2. Re: Pb with regexp

Report abuse

Christian Vigh - 2016-08-15 21:55:38 - In reply to message 1 from Gilbert BENOIT

Ok, don't investigate too much anyway : your sample unveiled at least two bugs in my class :
- A minor one : the 'ALP', 'TXT', 'NUM' etc. entries should be on the same line. There is still a little inconsistency in my way of parsing
- A more troubling one : the 'LNK' entry, which seems to make my class crazy.

I need to investigate a little bit further the second issue, which is related to plain UTF8 characters in the code, an issue I did not foresee.

I will come back to you when I'll have something ready for you.

3. Re: Pb with regexp

Report abuse

Christian Vigh - 2016-09-01 09:09:15 - In reply to message 1 from Gilbert BENOIT

I have made an update which should solve your issue now (the output looks much better).

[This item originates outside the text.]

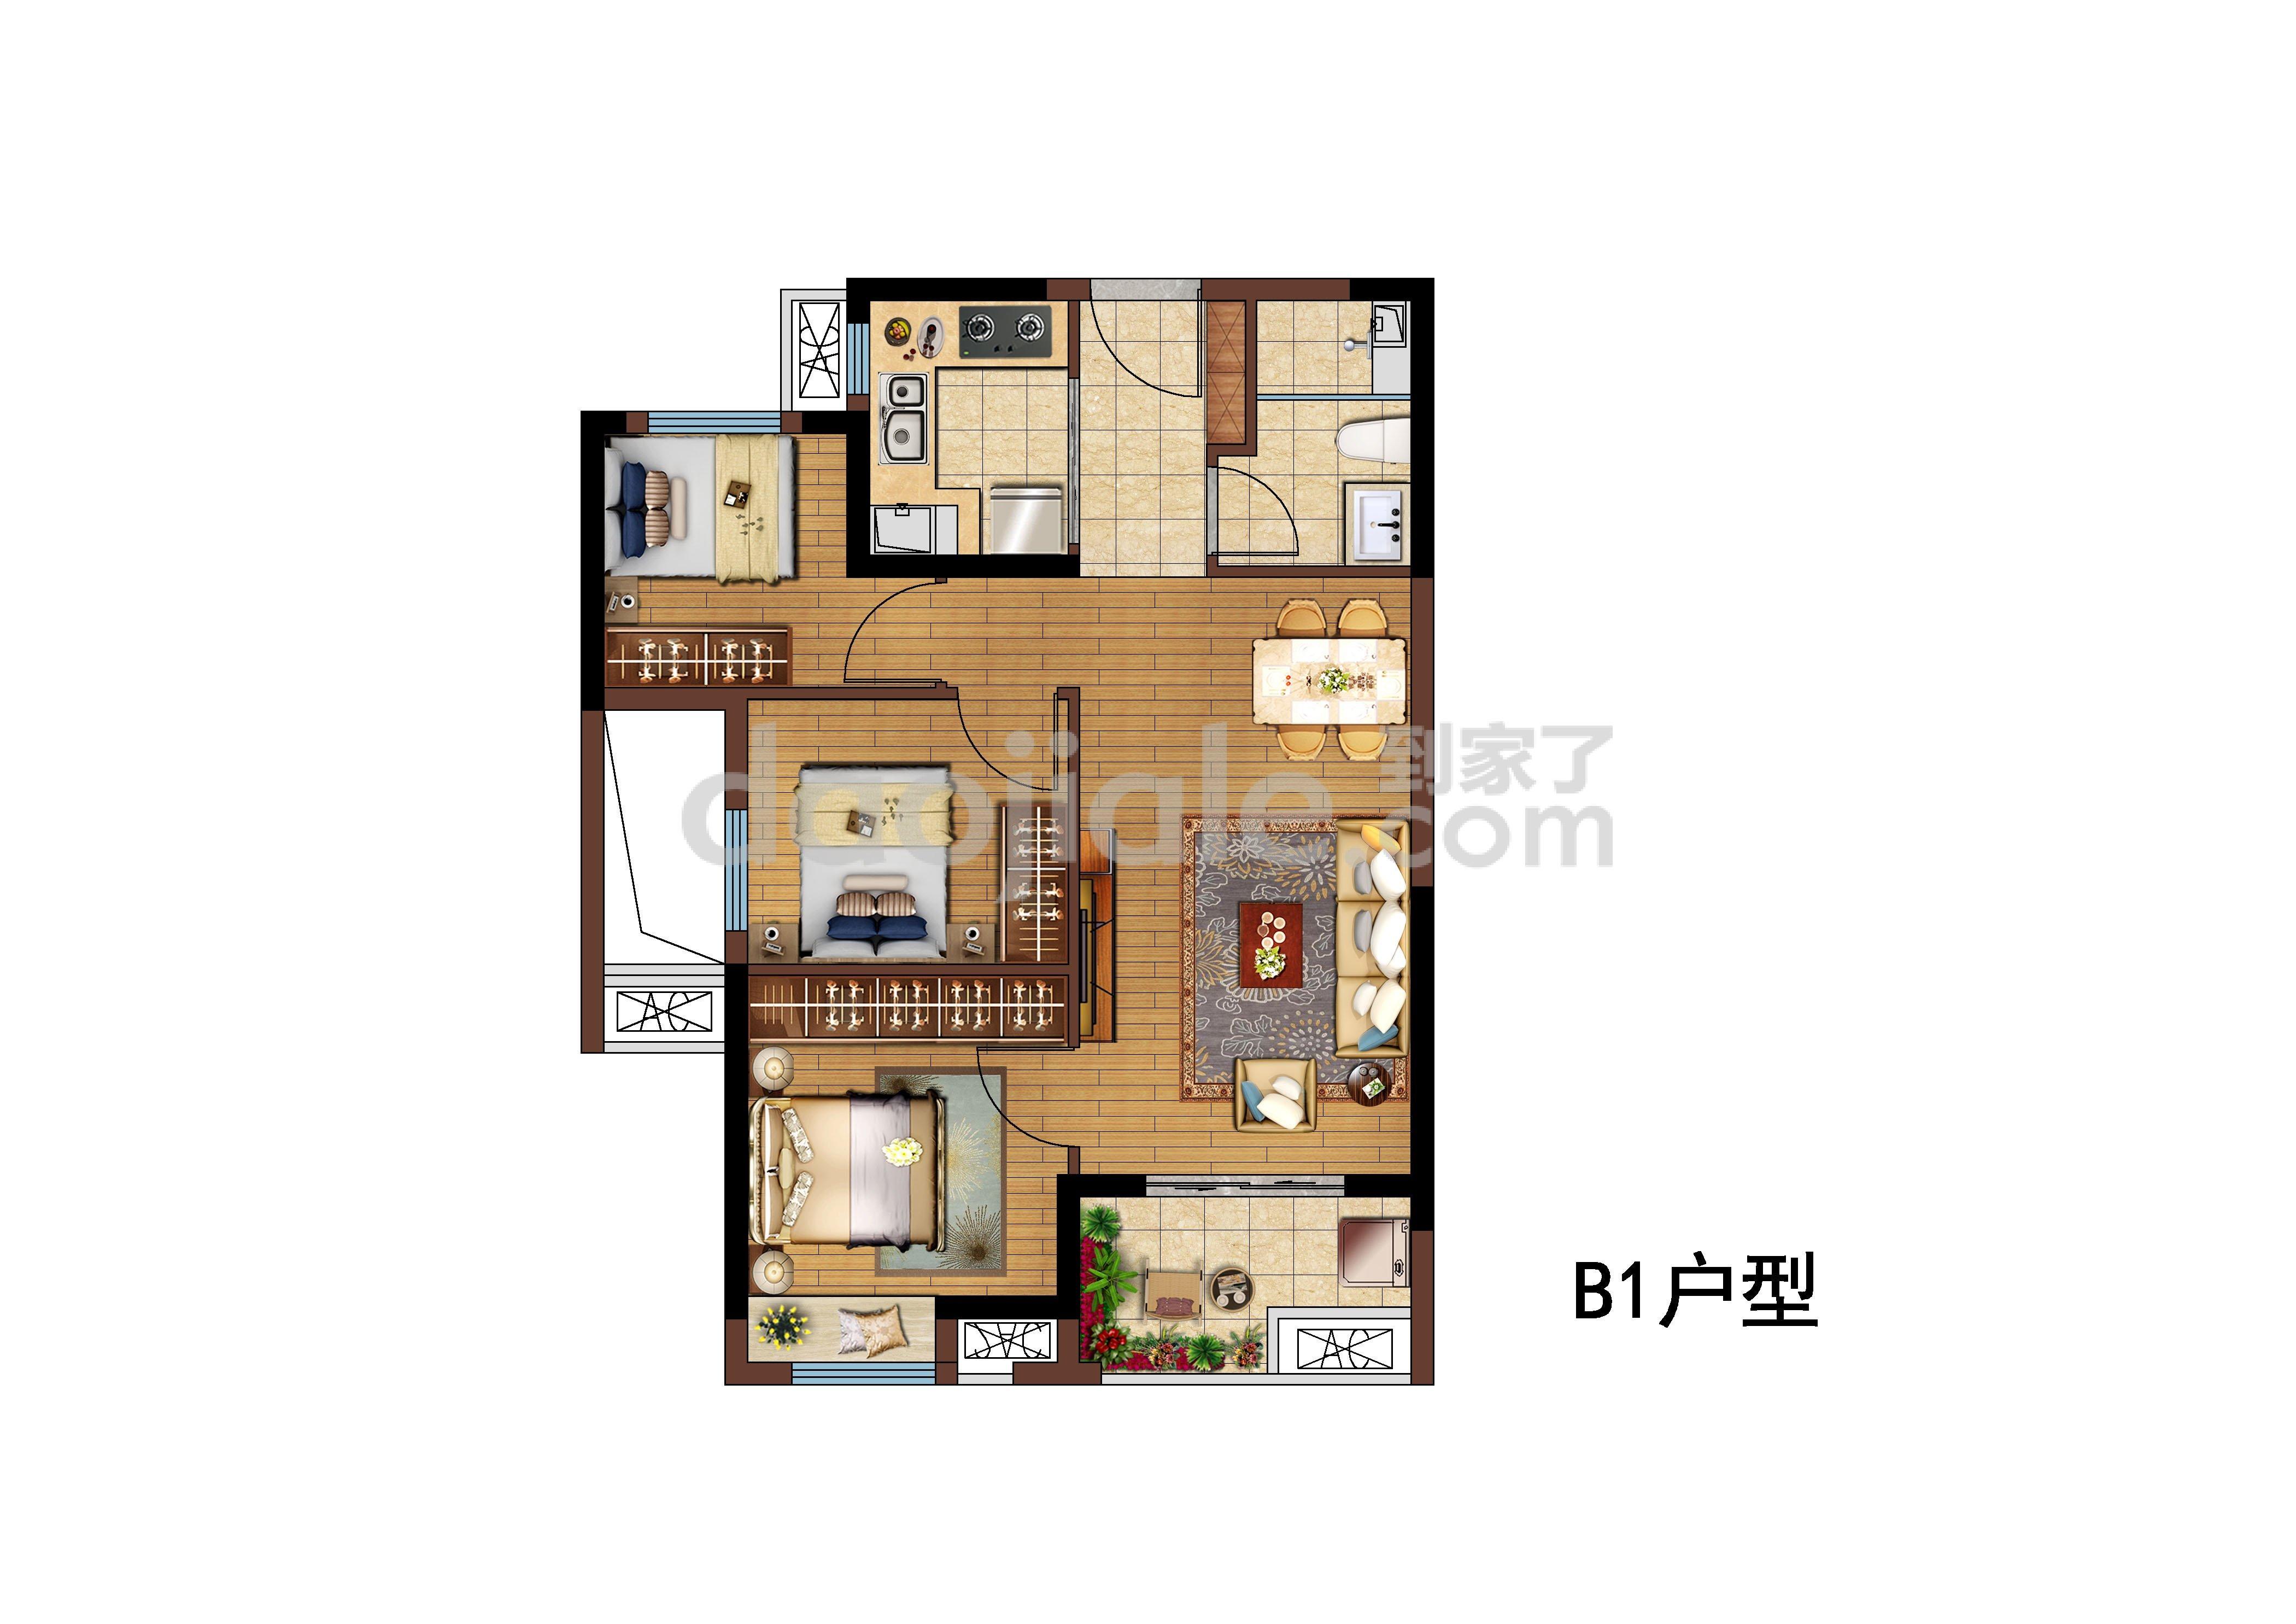 晋安区五四北天空之城新房B1户型户型图

The problem came from the following : the JavascriptMinifier class does not implement a real parser, otherwise too much time would be spent in the parsing process.

As a compromise, it "recognizes" regular expressions based on the character token immediately before it.

For example, you can have constructs such as :

var re = /some regex/ ;

or :

if ( /some regex/ ) ...

But it did not handle correctly regexes used in object definition such as in your example code :

{ 'ALP' : /some regex/ ... }

because the ':' character was not in the list of character tokens that can appear before a regex. I just added it to the list of authorized characters before the start of a regular expression, and it solved the issue.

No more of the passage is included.